4. Robuste LKW Technik, ausgelegt für 1.000.000km oder mehr

Also, da muß man doch zuschlagen  :Twisted:   :Twisted:  

Wie man sieht, man kann sich alles schönreden.

----------


## flying circus

> Wie man sieht, man kann sich alles schönreden.

 des schon....aber ich müsst ihn mir schönsaufen auch noch :Mr. Yellow:

----------


## DasMatti

LKW Technik schön und gut, aber du darfst nicht vergessen das der Motor aus Amerika kommt  :Twisted:

----------


## georg

Wie ich in Detroit bei Ford war, hab ich mir die Superduty Pickups angesehen. www.fordvehicles.com/trucks/superduty/ Die haben weniger Platz als ein bei uns üblicher Transporter in der Langausführung. Also eher uninteressant. Auch die Geländegängigkeit ist bei den Radstand kein Argument mehr. Auch bei uns kannst du auf einem Transporter eine Sattelausführung haben, also selbst diese recht unwahrscheinliche Variante fliegt raus.  :Stick Out Tongue: 
Also imho nur was für Freaks die beim Auto das Hirn abdrehen.  :Devil: 
Der einzige Vorteil den die Amis haben: Die Europäer werden nie lernen vernünftige Becher- und Flaschenhalter einzubauen. Diese Bemerkung meinerseits hat übrigens die Techniker bei Ford sehr amüsiert.  :Big Grin:

----------


## gamml

> Die Europäer werden nie lernen vernünftige Becher- und *Flaschenhalter* einzubauen.

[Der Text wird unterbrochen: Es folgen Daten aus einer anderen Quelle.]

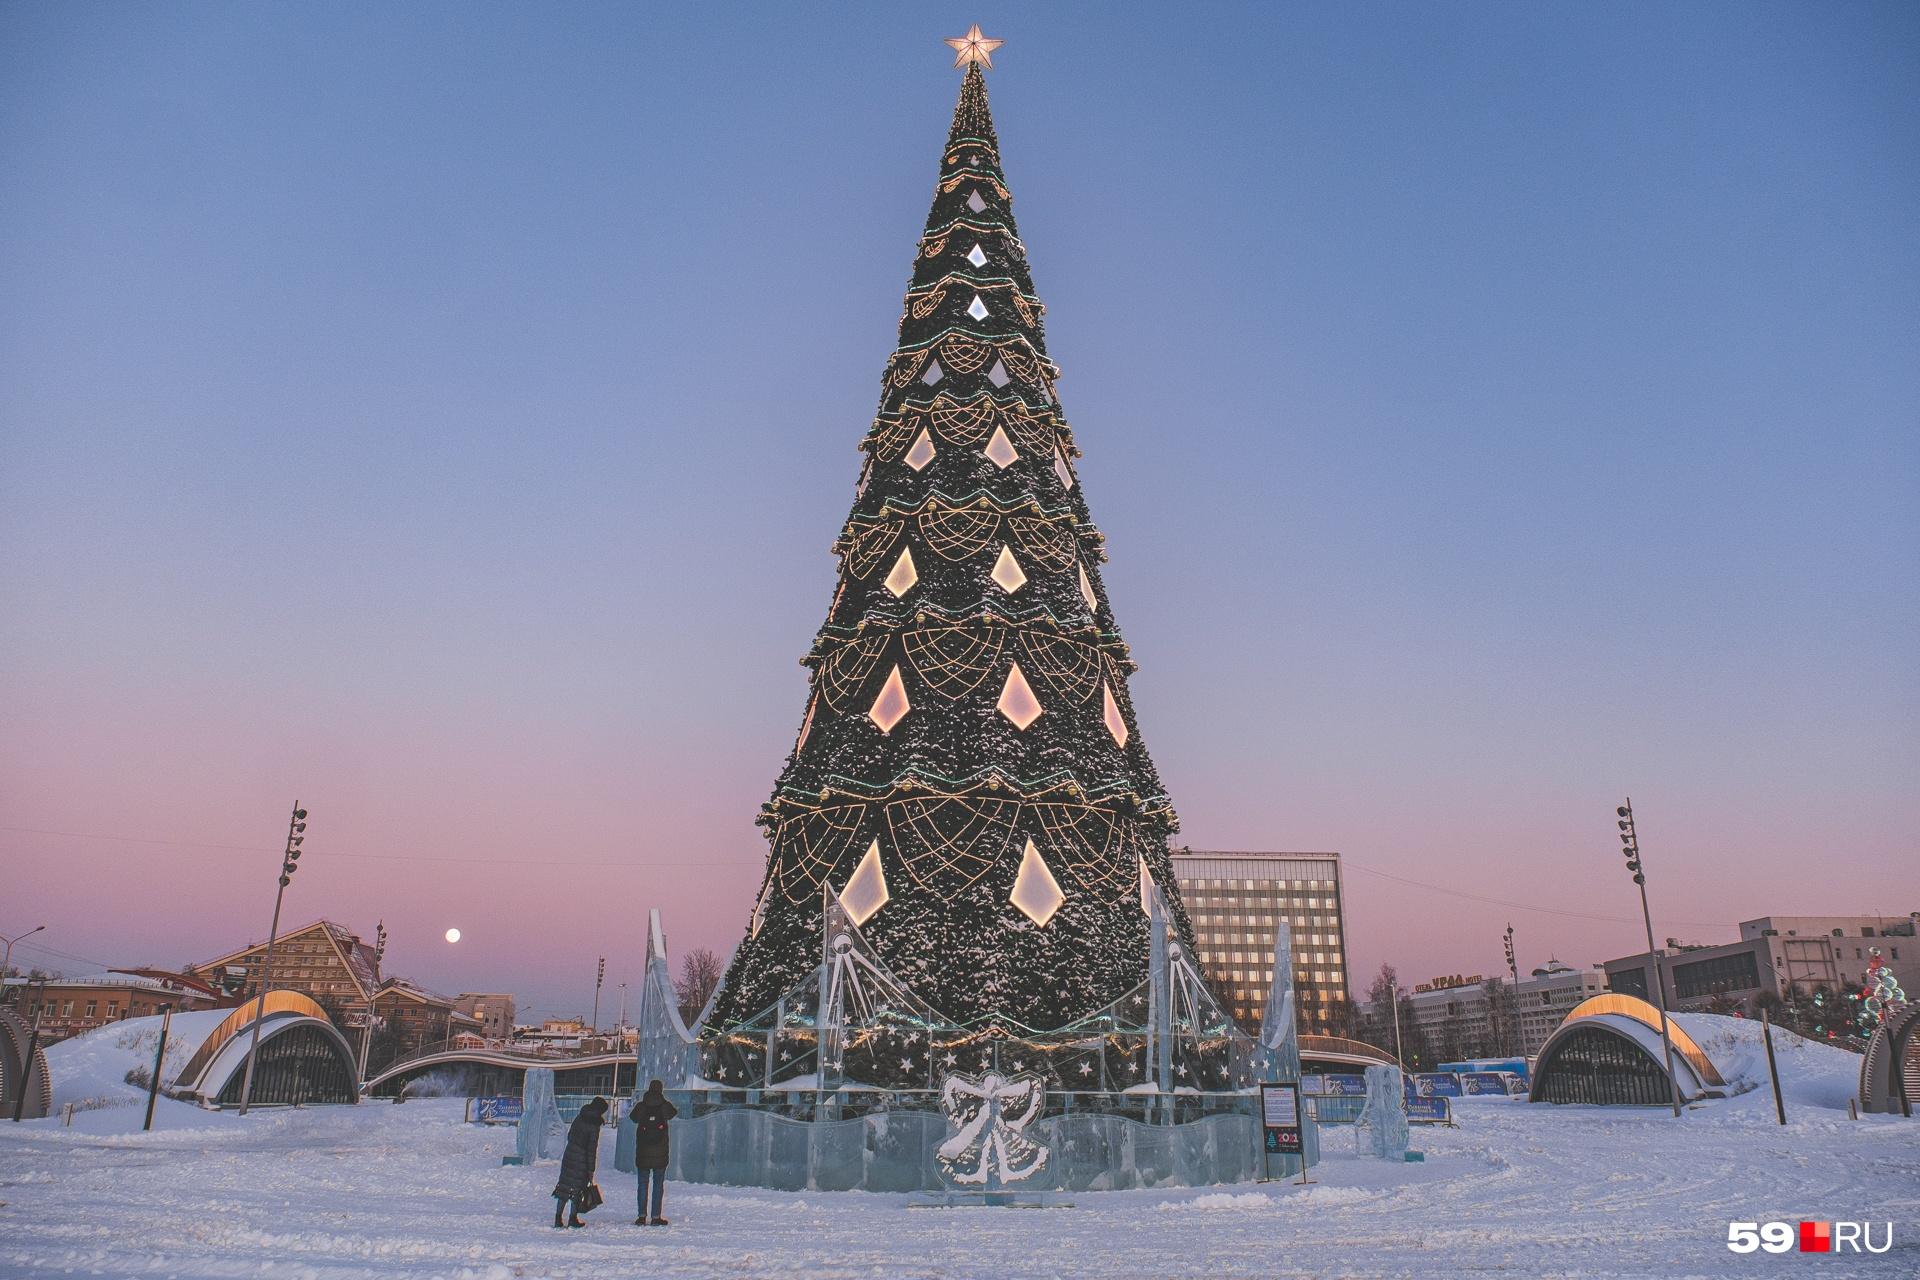 На эспланаде из-за коронавирусных ограничений нет ледового городка, только главная елка города

Ach was so schlecht Sitze baun die Europäer auch wieder nicht  :Twisted:   :Mr Purple:   :Mr. Blue:   :Stick Out Tongue:   :Wink:  


lg kle

----------


## DasMatti

ganz schön günstig da drüben - 22000 sind nich übel für das Auto.
Vergleichbares kostet in Deutschland mindestens zwei mal so viel  :Big Grin:

----------


## mankra

Ist leider normal, nach Österreich mit Nova und ÖKO Nova muß man mit mehr als 100% Aufpreis rechnen.

----------


## grisch

Zum Thema "fette us pick up's"
aktuelle Zahlen aus Amerika:
Verkaufsrückgänge bei z.B. Ford F150 -30%, Dodge Durango -70%, GM Trailblazer -45% usw.
Bin zwar auch ein Ami fan und überlege mir gerade einen 70er chevy silverado zu gönnen, aber bei heutigen treibstoff preisen und kampagnen von diversen umwelt organisationen und lobbies haben' s es sogar schon im geburtsland dieser karren gechecked, dass es nicht mehr so angebracht ist.

----------


## bern

> Zum Thema "fette us pick up's"
> aktuelle Zahlen aus Amerika:
> Verkaufsrückgänge bei z.B. Ford F150 -30%, Dodge Durango -70%, GM Trailblazer -45% usw.
> Bin zwar auch ein Ami fan und überlege mir gerade einen 70er chevy silverado zu gönnen, aber bei heutigen treibstoff preisen und kampagnen von diversen umwelt organisationen und lobbies haben' s es sogar schon im geburtsland dieser karren gechecked, dass es nicht mehr so angebracht ist.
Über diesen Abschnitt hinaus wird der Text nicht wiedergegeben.